1.8. SERVICE INTERVALS means the intervals detailed on the Schedule of Work.
1.9. VEHICLE means the Customer's motor vehicle as detailed on the Schedule.
1.10. WE AND US AND OUR - means Frosts Cars Ltd and its subsidiary companies. Registered company number: 511284. Details of company numbers are available on request.
2. PARTIES AND COMMENCEMENT
This Agreement is between Us and the Customer named on the Schedule. It shall be binding on all parties only when it as been signed by or on behalf of each party and the initial payment has been received (deposit and first monthly instalment) by Frosts Cars Ltd.
3. GEOGRAPHICAL LIMITS
United Kingdom, which means Great Britain and Northern Ireland, and for the avoidance of doubt shall include the Channel Islands and the Isle of Man.
4. CUSTOMERS OBLIGATIONS
The Customer will:
4.1. Pay the monthly payments to Frosts Cars Ltd by Direct Debit or Credit/Debit card (if applicable). The initial payment (deposit and first monthly installment if applicable) shall be due within 14 days of the written notification and each subsequent payment on the like day of each succeeding month.
4.2. Produce to the Dealer the appropriate documentation prior to each Service being carried out.
4.3. Notify the Dealer if their principal address, as shown on the Schedule, changes.
4.4. Notify the Dealer if the registration plate identification or any other identification mark of the Vehicle changes.
4.5. Not make, or permit to be made, any mechanical alterations or modifications to the Manufacturer's standard specification for the Vehicle without obtaining the prior written consent of the Dealer.
5. DEALER OBLIGATIONS
The Dealer will, on Our behalf:
5.1. Carry out Servicing of the Vehicle in accordance with the Schedule of Work as soon as is reasonably practicable after being requested to do so by the Customer and on the Customer producing to the Dealer the appropriate documentation for each Service.
5.2. Submit a request for authorisation through Frosts Cars Ltd web application immediately before each Service is carried out on the Vehicle.
5.3. Issue documentation to the Customer appropriate to the Schedule of Work.
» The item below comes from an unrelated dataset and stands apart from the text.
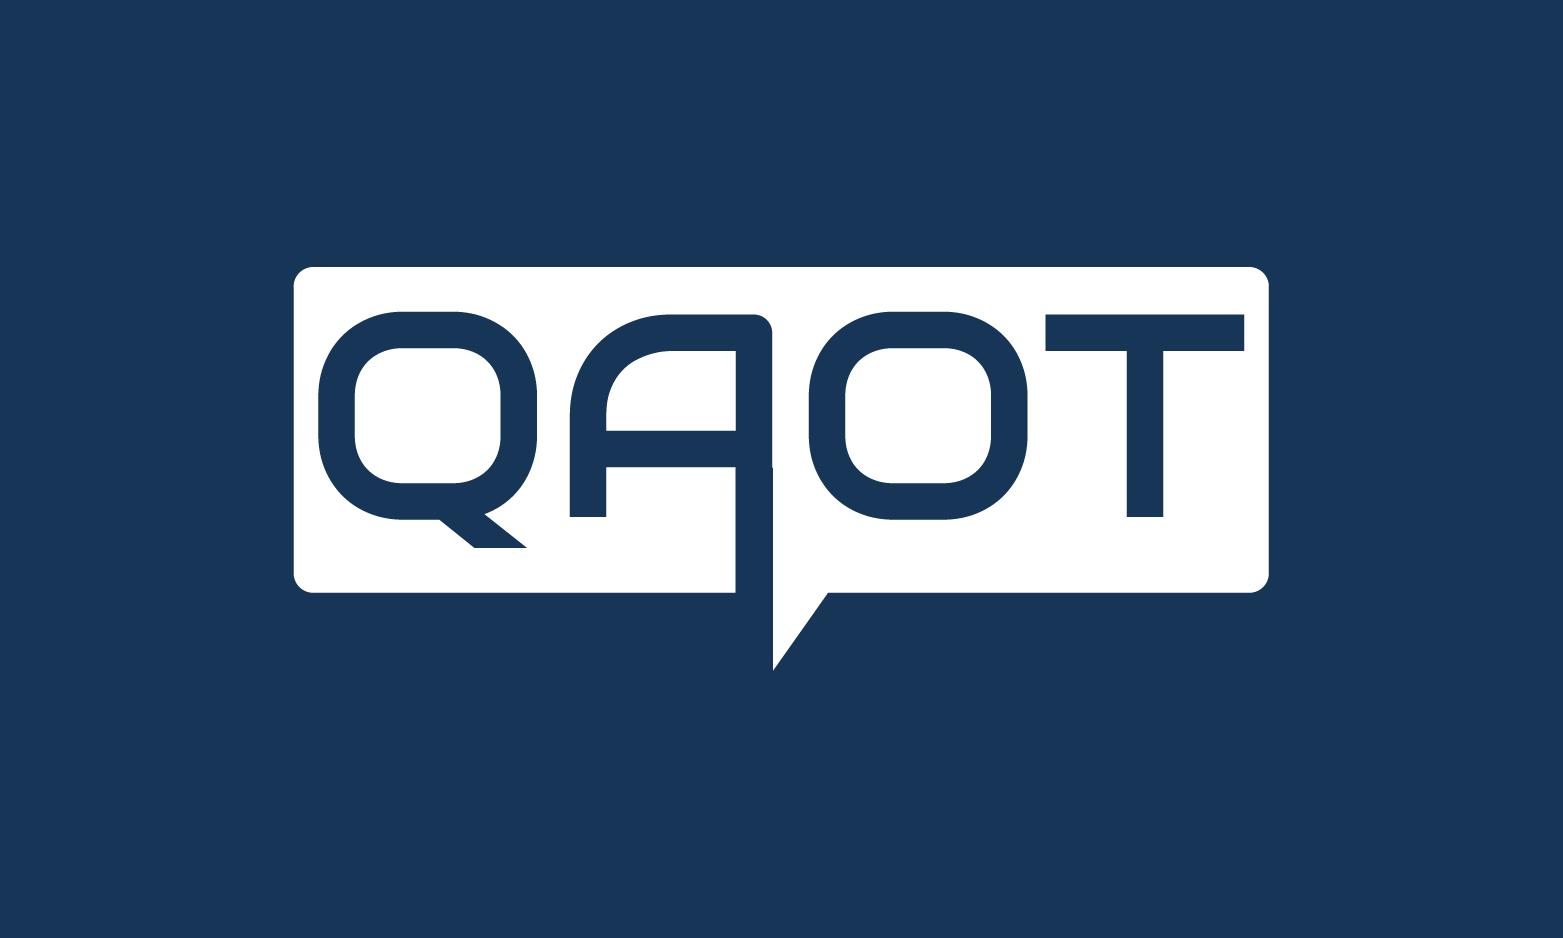 QAOT.com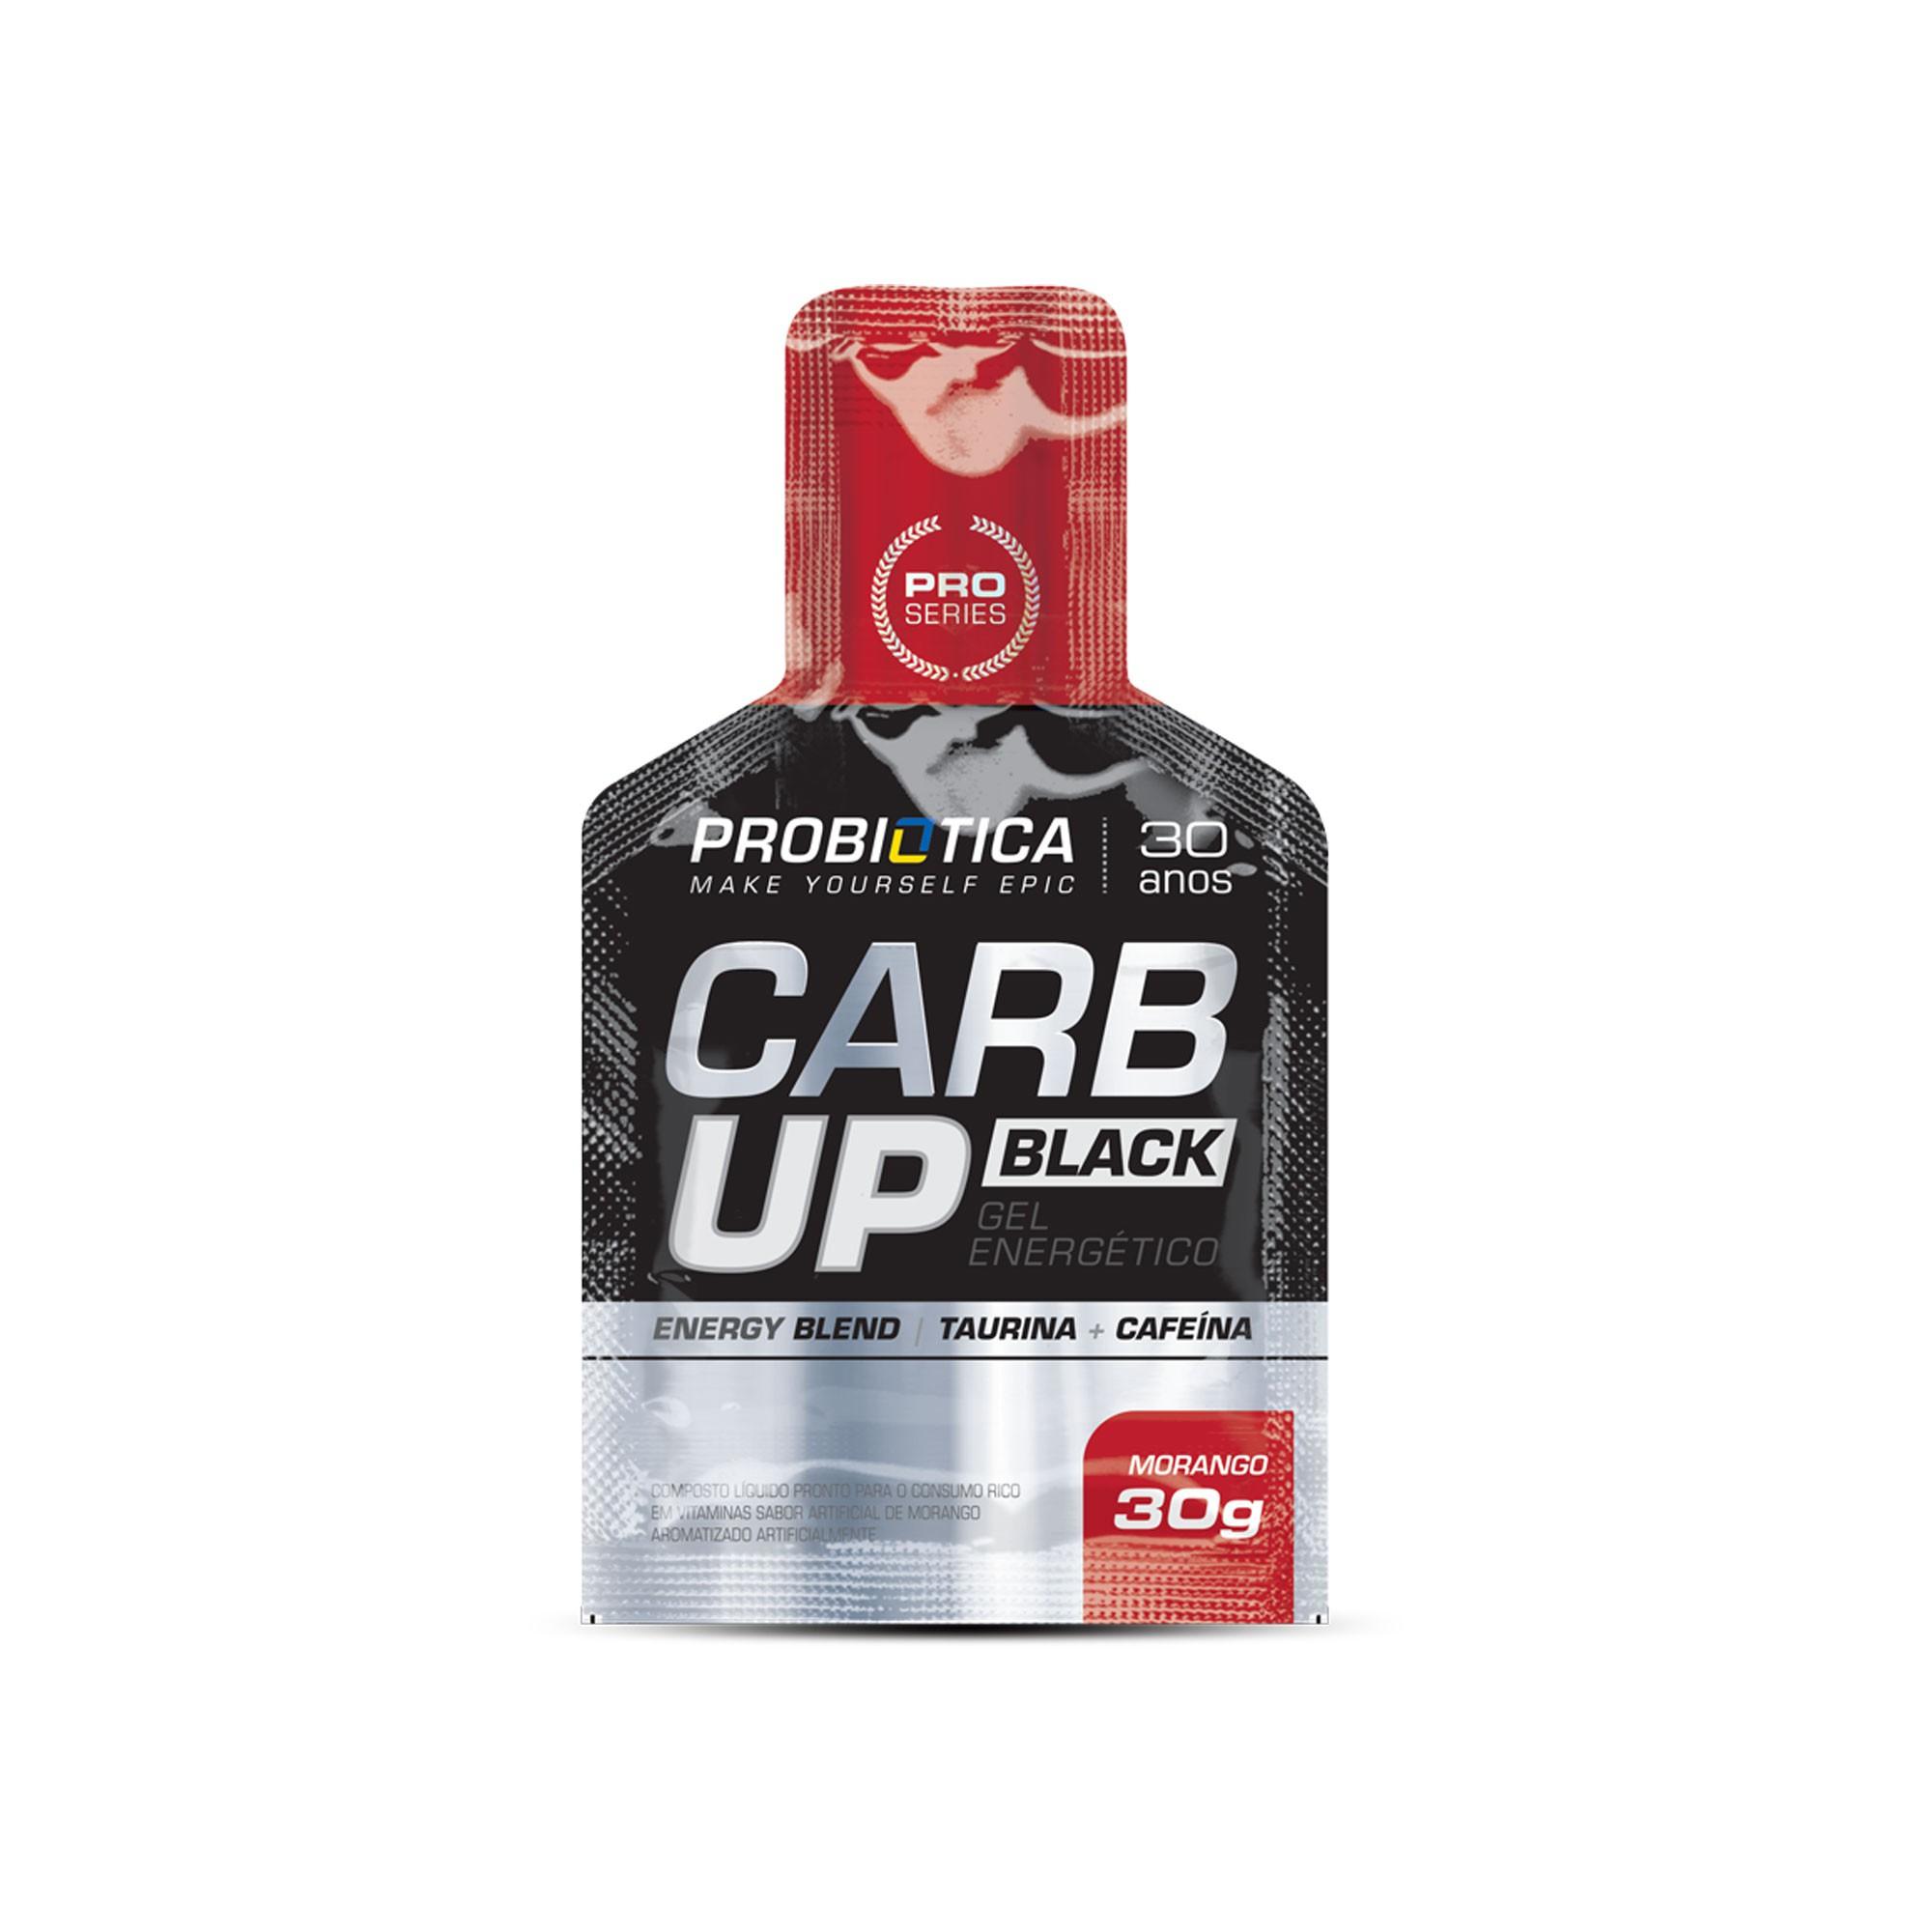 Carb up Black Gel energético Morango Probiotica 30g

The documentation will be printed with an expiry date, which indicates the latest date on which the Service may be carried out.
6. ASSIGNMENT
The Customer may, subject to payment being received in full, transfer their rights and obligations under this Agreement to a subsequent owner of the Vehicle provided that they give written notice of the transfer to Us, stating the name and address of the transferee and the date of transfer.
7. TERMINATION
This Agreement shall terminate on the earliest of the following events:
7.1. At the end of the contract duration specified on the Schedule.
7.2. On reaching the end mileage specified on the Schedule of Work, allowing appropriate leeway where a service is due under the Agreement.
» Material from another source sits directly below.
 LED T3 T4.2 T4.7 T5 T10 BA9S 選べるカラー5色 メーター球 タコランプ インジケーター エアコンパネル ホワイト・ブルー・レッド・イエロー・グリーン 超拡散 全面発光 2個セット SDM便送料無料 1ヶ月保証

7.3. On the Vehicle having received all Servicing covered by the Agreement.
7.4. On Us giving notice of cancellation in writing to the Customer, which shall not be given unreasonably.
7.5. Where the Customer is in breach of any of their obligations under this Agreement.
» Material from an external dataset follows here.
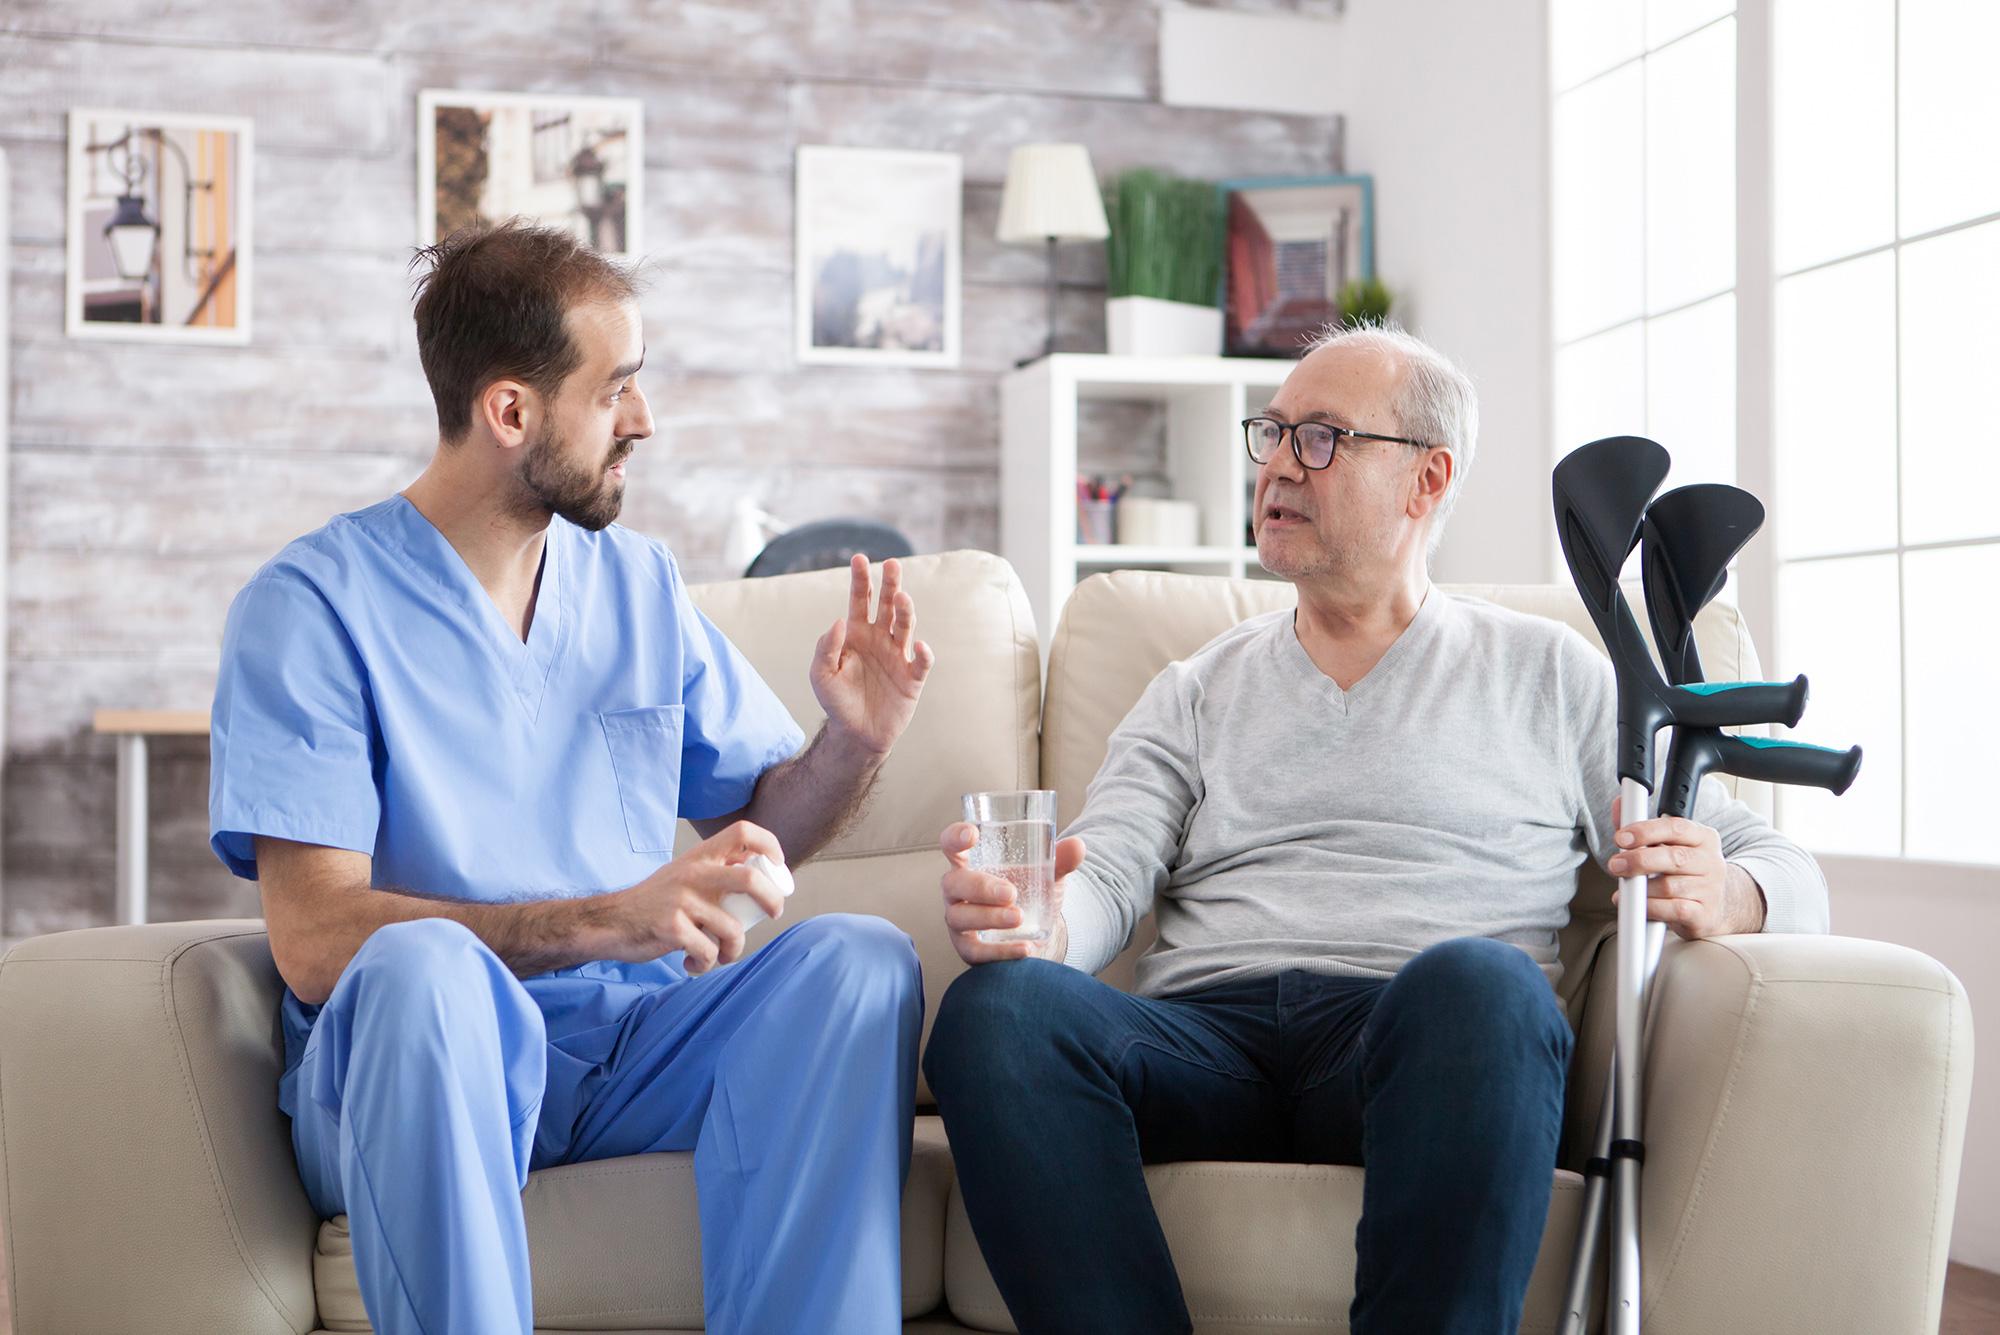 Od czego rozpoczynają się problemy z prostatą?

7.6. On being cancelled by the Customer under clause 8 (Cancellation).
8. CANCELLATION
8.1. This Agreement may be cancelled by the Customer:
8.1.1. On the death of the Customer.
8.1.2. On the theft of the Vehicle where the Vehicle is not recovered.
8.1.3. On the sale of the Vehicle, where the Agreement is not transferred under clause 6.
8.1.4. On the Vehicle being declared by an insurance company to be a total loss as a result of accident damage.
8.1.5. Within 14 days of the date this Personal Service Plan was purchased.
8.2. In the event of termination or cancellation:
8.2.1. On termination under clause 7.3 or 7.4 or cancellation under clause 8.1.1 to 8.1.4 the Dealer will, on Our behalf, calculate the total Servicing and administration costs (Benefit Taken) up to the date of cancellation and will supply details of these costs to the Customer in writing. In the event of cancellation an administration cost will be retained which includes setup and payment collection charges. Further details are available from the Dealer. In the event that the Customer has paid more than the Benefit Taken then the excess will be refunded by the Dealer provided that the Customer has returned any and all documentation to said Dealer. In the event that the Customer has paid less than the Benefit Taken then the Customer shall pay to the Dealer, within 30 days of the termination date, a sum equivalent to the shortfall.
8.2.2. On cancellation under clause 8.1.5 the Customer will receive a full reimbursement of any monies paid in respect of the Personal Service Plan, providing there has been no Service provided under the Agreement. For
cancellation after such 14 day period no reimbursement will be made.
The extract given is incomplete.